E foi então que, mesmo depois de encerrar a carreira no esporte, a sensação de classificação para mais uma Olimpíada voltou. Dessa vez, a convocação havia sido feita na mesa de um restaurante. O mesmo frio na barriga, o mesmo peso bom da responsabilidade de representar um país, um ideal, a mesma seriedade na dedicação da rotina diária, as noites sem dormir. Tudo de novo, e tudo muito bom. A vida é cíclica e, às vezes, os ciclos se entrelaçam e esboçam que a próxima tela terá as mesmas tintas, mas será um quadro totalmente diferente.
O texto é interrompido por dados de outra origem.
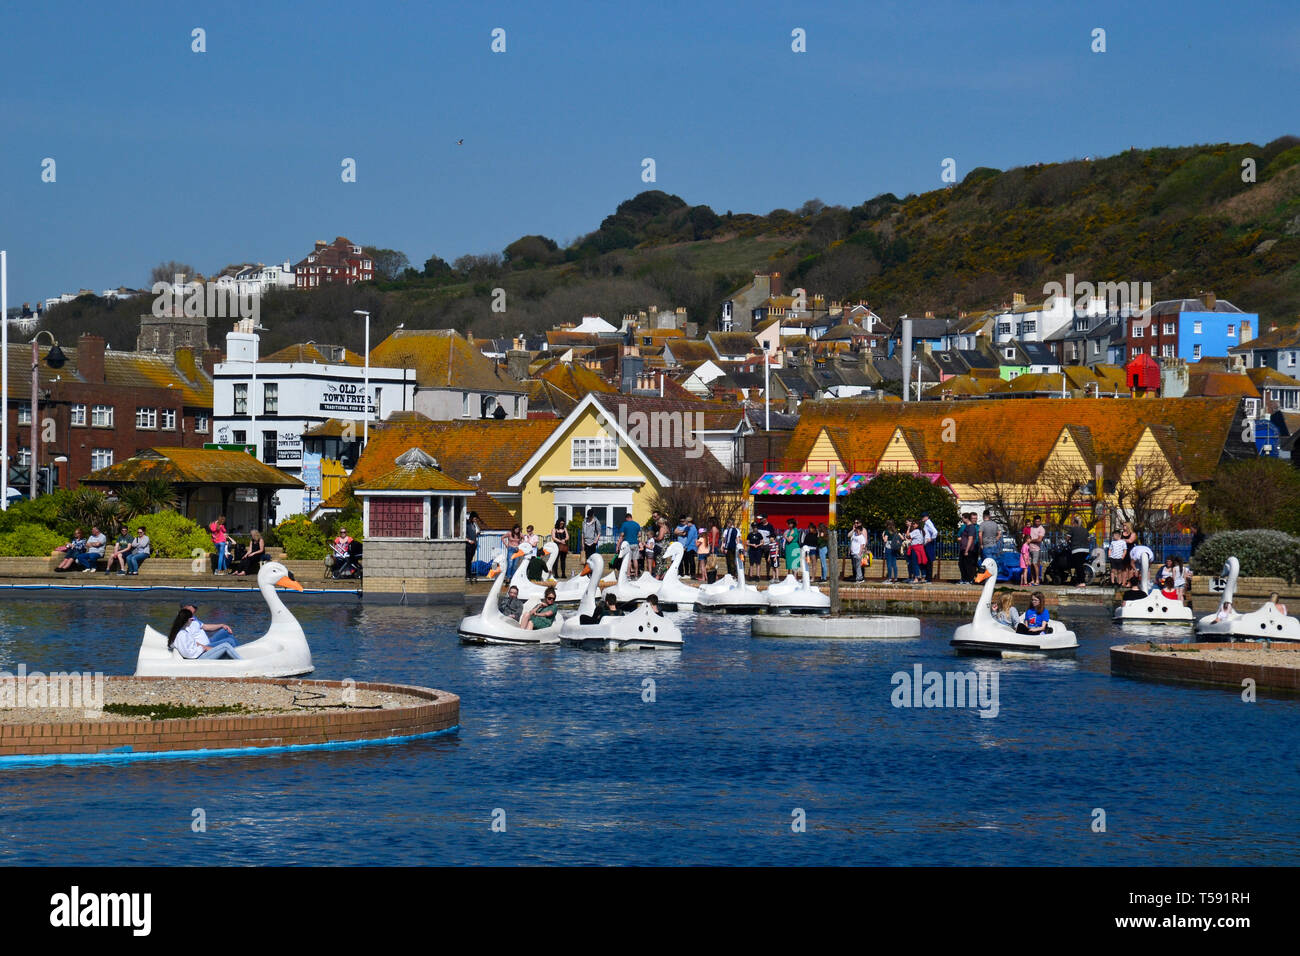 Hastings, East Sussex, UK Stock Photo
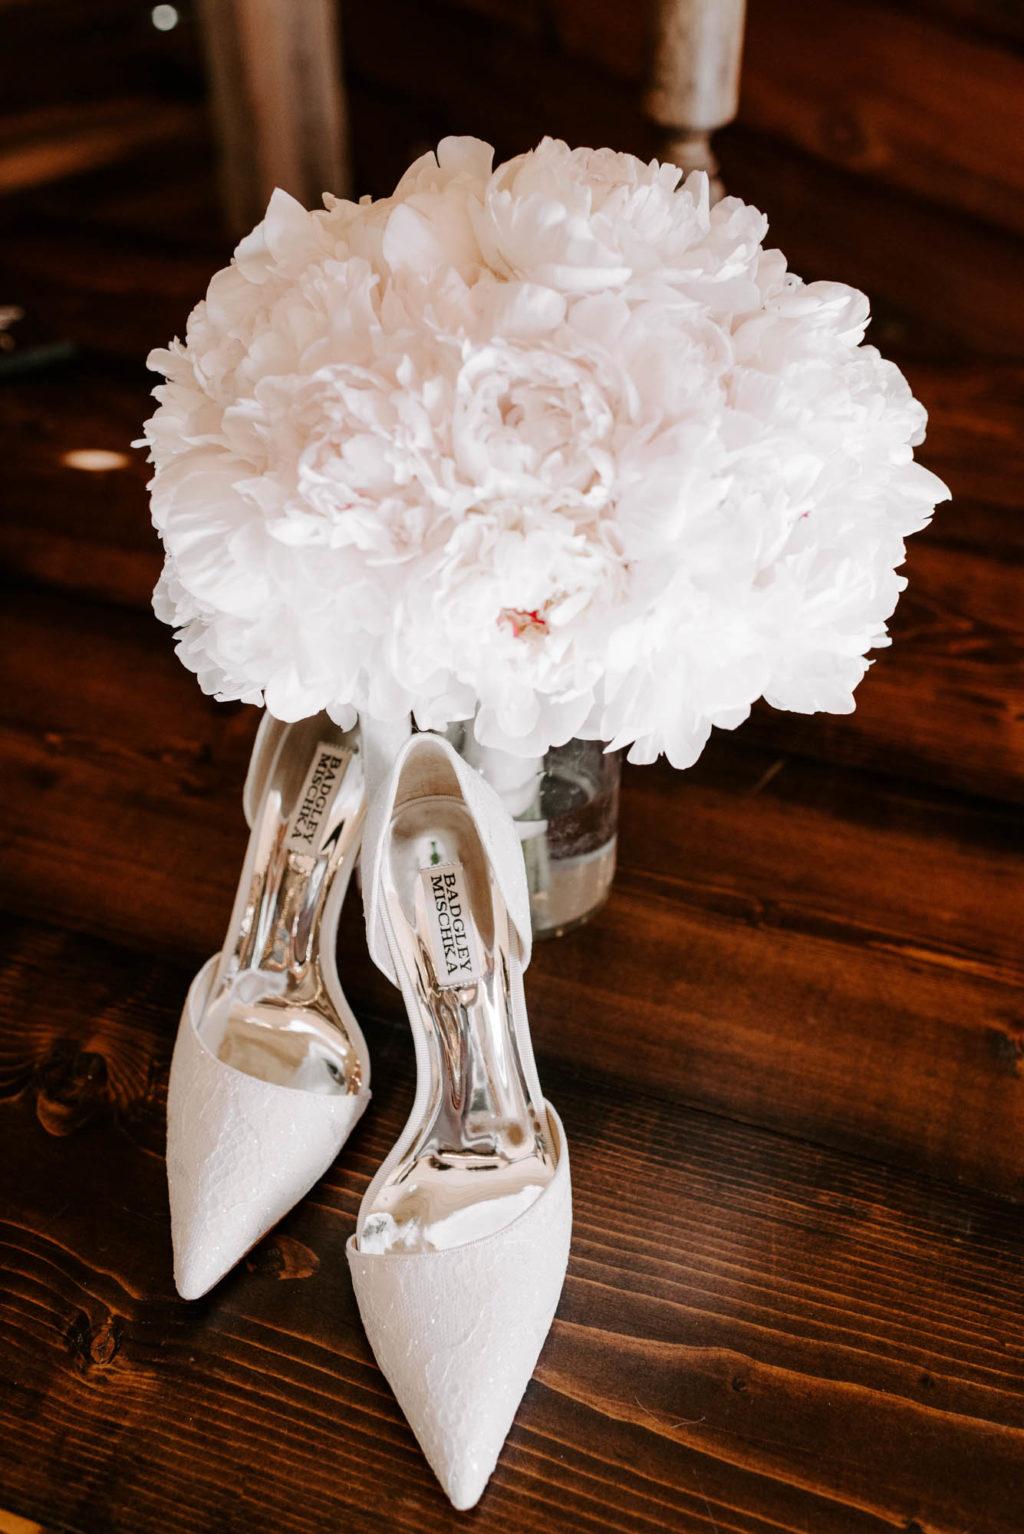 White Peony Bridal Wedding Bouquet with Badgley Mischka Designer White Lace Pumps Bride Shoes

Há um paralelo invisível, mas profundamente similar entre o passado de atleta olímpica e o que vivemos aqui na Oeste. E esse paralelo não é apenas de minha parte. Depois da honra do convite de nosso mestre Guzzo, quando pude conversar ao longo de todo este primeiro ano com vários profissionais da revista, como meu incrível editor Kaíke Nanne com quem discuto ideias toda semana, foi inevitável pensar que mais uma Olimpíada estava à minha frente, apenas pelo incrível nível de comprometimento, seriedade e dedicação de cada membro da equipe.

Mas aqui, na Oeste, há muito mais similaridades com o esporte olímpico do que as pessoas imaginam. Quando me perguntam algum “segredo”, algo que possa ter feito a diferença, para que eu conseguisse competir em quatro Olimpíadas, volto às lições do meu velho. A sabedoria de se colocar perto de pessoas melhores que você, indivíduos que o empurrarão para o seu melhor, que possam tirá-lo da zona de conforto e fazer crescer, que possam lhe apresentar o medo para que você encontre e revele sua coragem.

Quando iniciamos o projeto da Oeste, foi solicitado que enviássemos um vídeo curto com algumas palavras sobre o que pensamos acerca da civilização ocidental, o Oeste. Aqui, repito o que disse em meu vídeo: que a proposta da revista é enaltecer, proteger e reafirmar o valor da liberdade, elemento que sustenta pilares sólidos de nações prósperas. Sem ela, não há imprensa, não há boas ideias, não há crescimento econômico.

Em tempos estranhos, com liberdades sendo cerceadas todos os dias, dê uma chegadinha ali no YouTube e assista ao inesquecível discurso de Reagan no Portão de Brandemburgo, em Berlim, quando disse a inspiradora frase: “Mr. Gorbachev, tear down this wall!” (Senhor Gorbachev, derrube esse muro!).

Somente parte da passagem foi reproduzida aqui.